Highline Public Schools (HPS) is a public school district in King County, headquartered in Burien, Washington. As of October 2007, it served 17,331 students and had 997 teachers, and served the cities of Burien, much of Des Moines, Normandy Park, and SeaTac as well as adjacent unincorporated census-designated places proximal to Burien in King County such as White Center and much of Boulevard Park. Portions of Kent and Tukwila and a very small portion of Seattle are in the district limits.

Structure
Highline consists of four main "service areas", Evergreen (the area around White Center), Highline (in Burien), Mount Rainier (mainly Des Moines, but includes parts of Burien), and Tyee (SeaTac), which once represented the district's four high schools. Students in the Highline and Mount Rainier service areas generally attend the area's high school; students in the Evergreen and Tyee service areas attend one of the service area's three small schools. Each service area also contains one middle school which acts as a feeder to the area's high school(s). The four service areas are further divided into separate areas corresponding to the district's elementary schools, which also act as feeders to the area's middle school.

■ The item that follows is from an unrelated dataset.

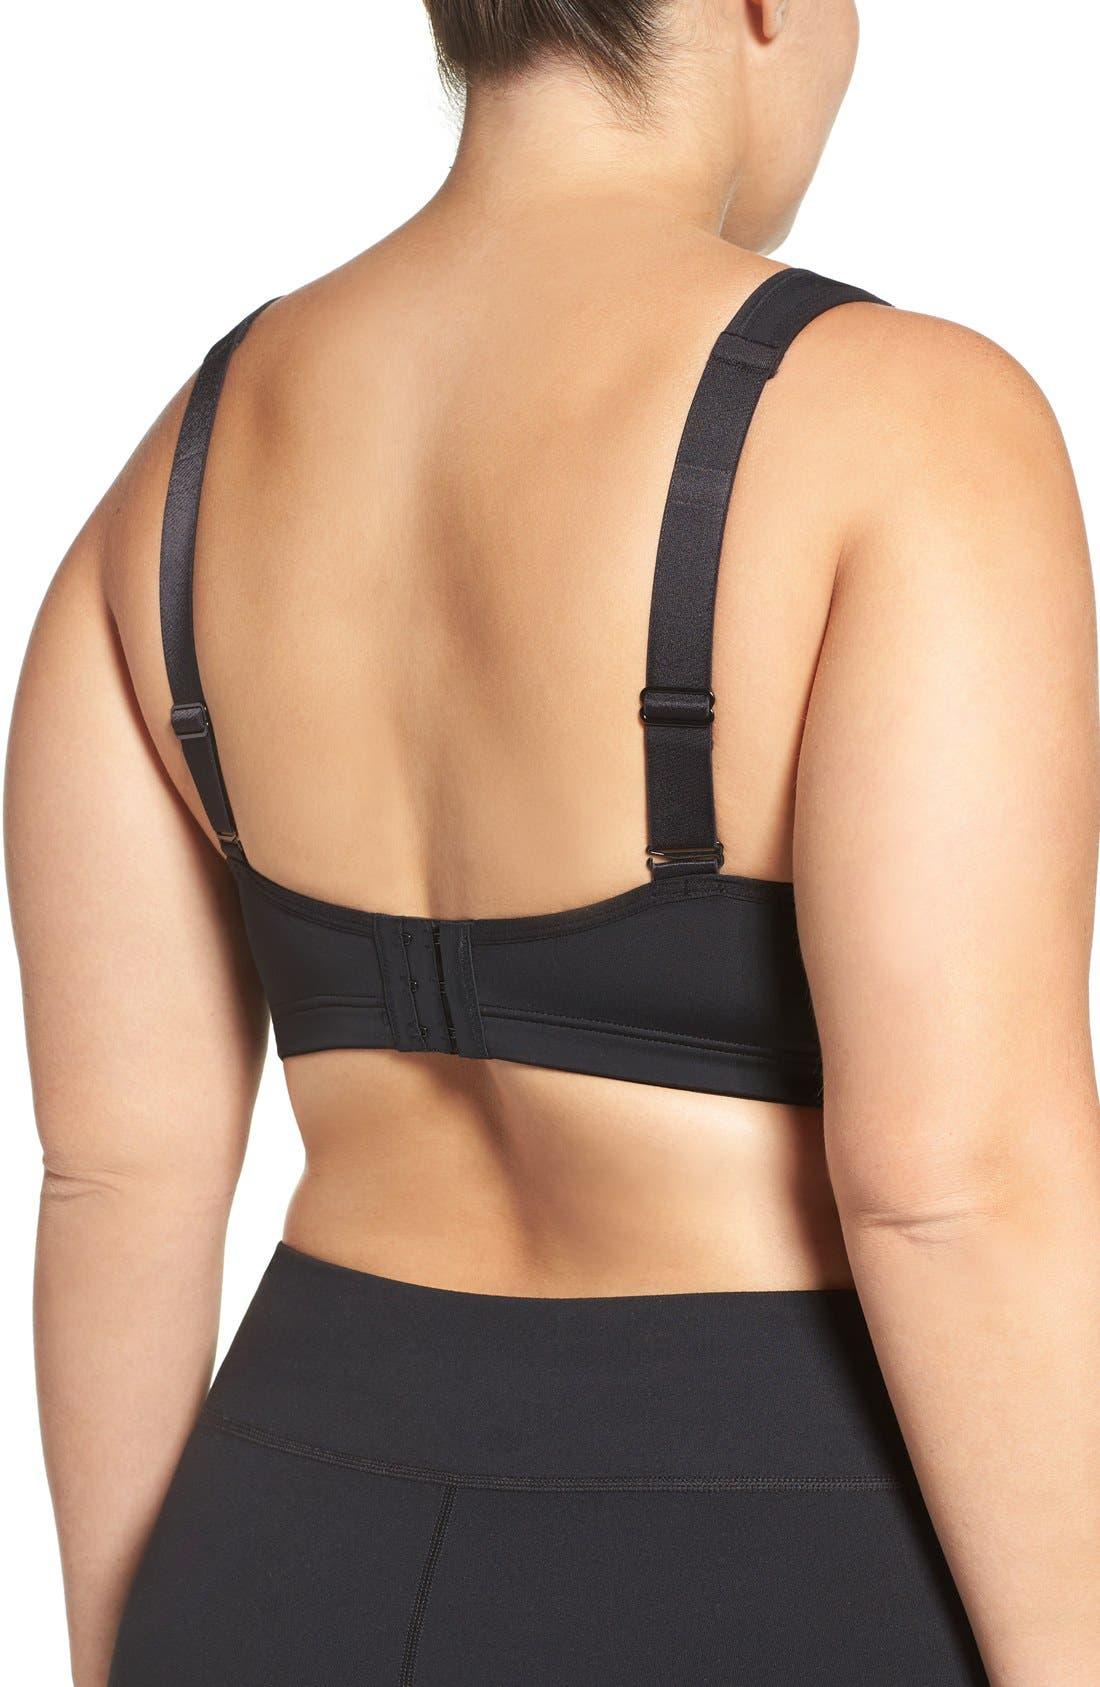 Alternate Image 2  - Marika Curves 'Gabriella' Underwire Sports Bra (Plus Size)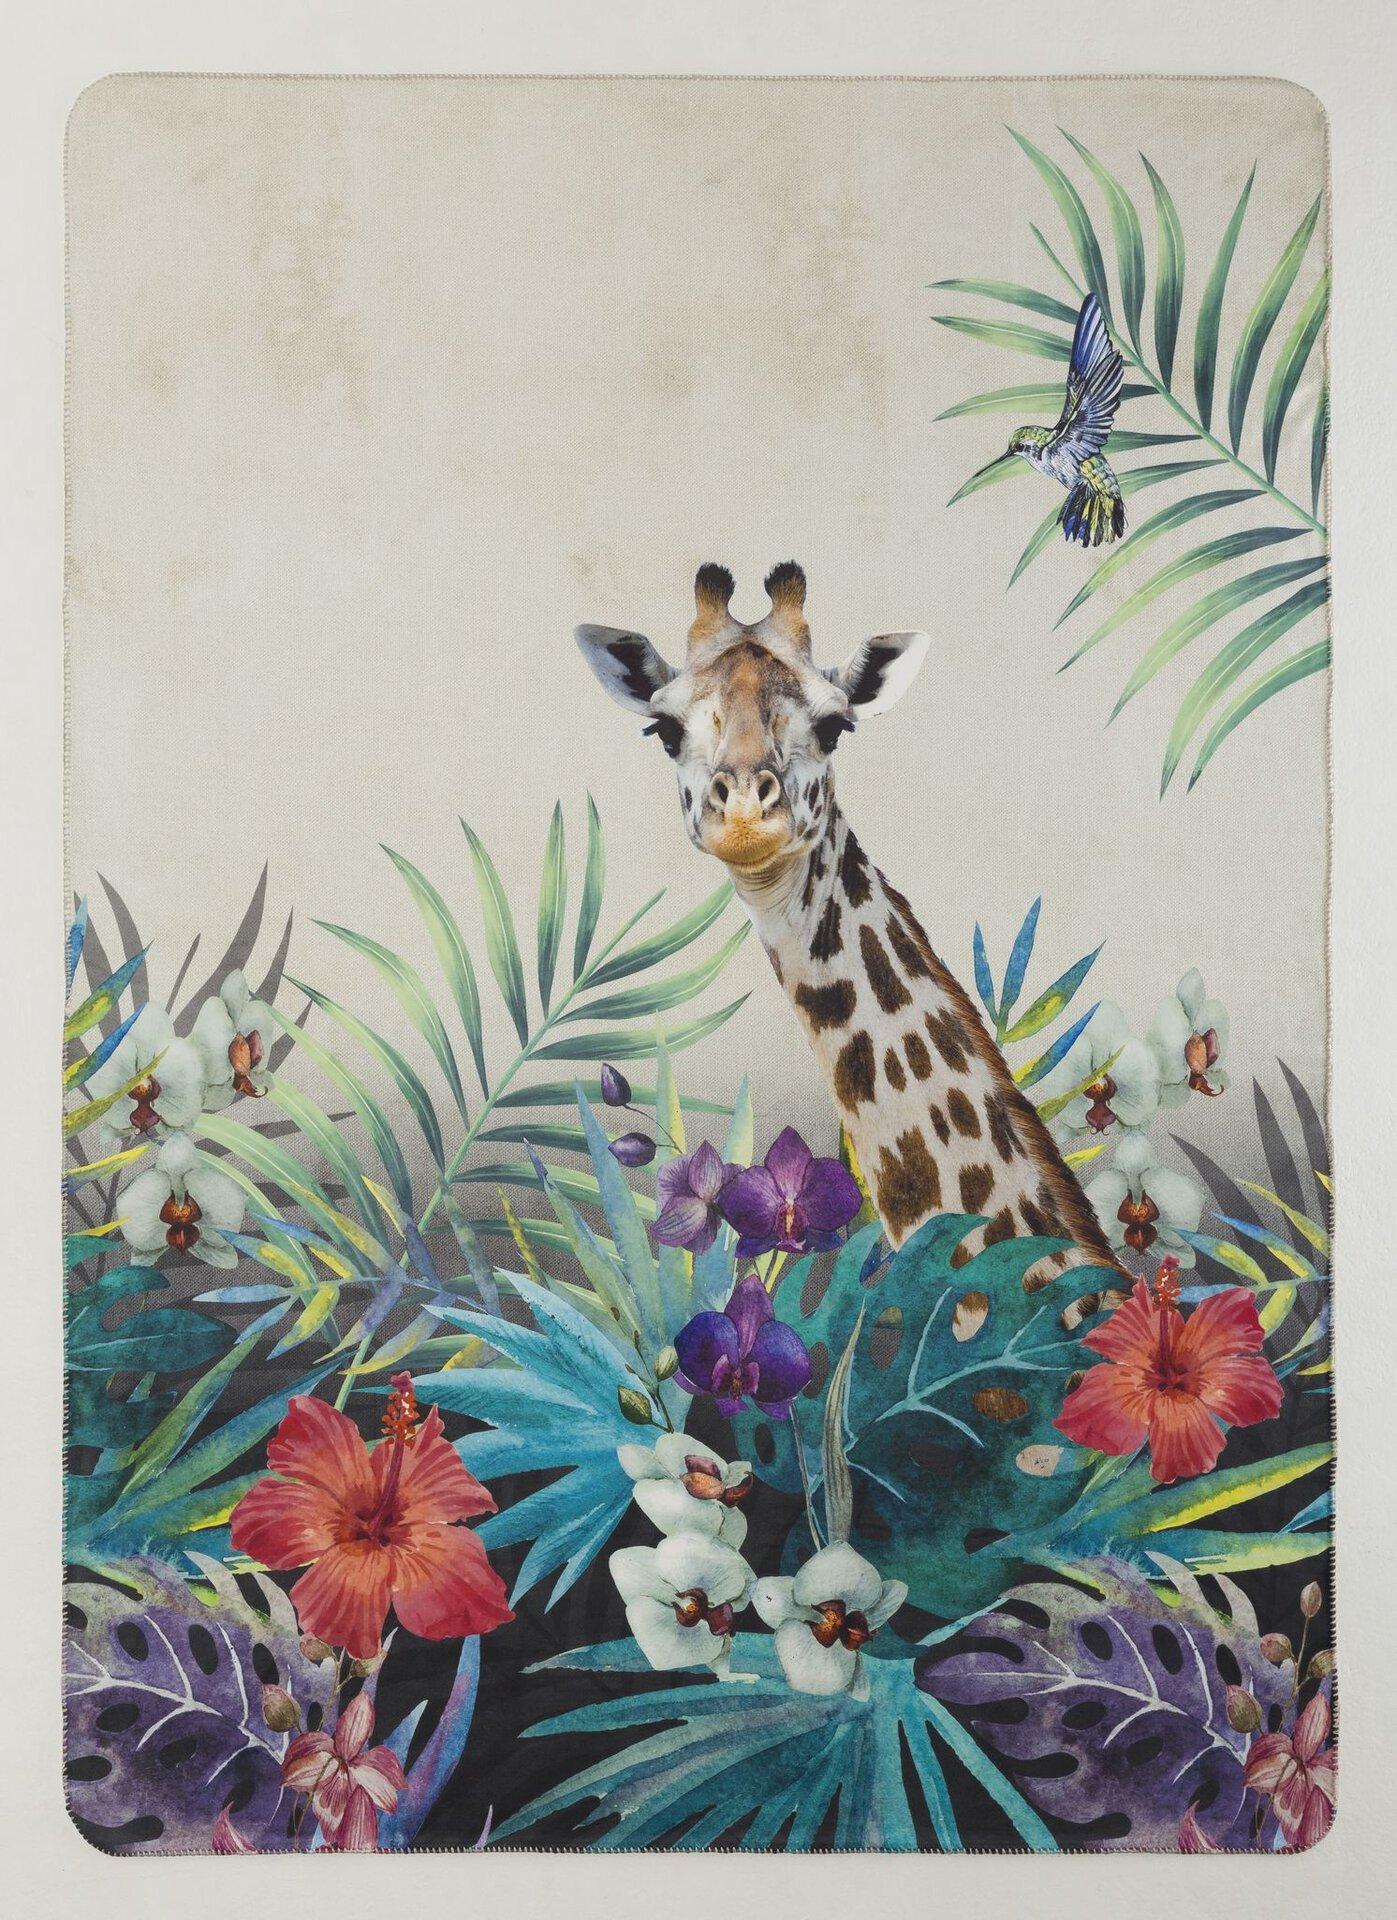 Wendedecke Safari Giraffe Casa Nova Textil mehrfarbig 150 x 200 cm

The district's current superintendent is Susan Enfield. The school board consists of five members: Bernie Dorsey (Board President), Michael D. Spear (Vice President), Joe Van, Angelica Alvarez and Tyrone Curry Sr.

History
The district's first school, Highline High School, opened in 1924 in Burien. Evergreen High School (just east of Seattle's "Arbor Heights" neighborhood), Glacier High School, Mount Rainier High School (in Des Moines), and Tyee High School (in SeaTac) were added at later times to compensate for the district's growing population.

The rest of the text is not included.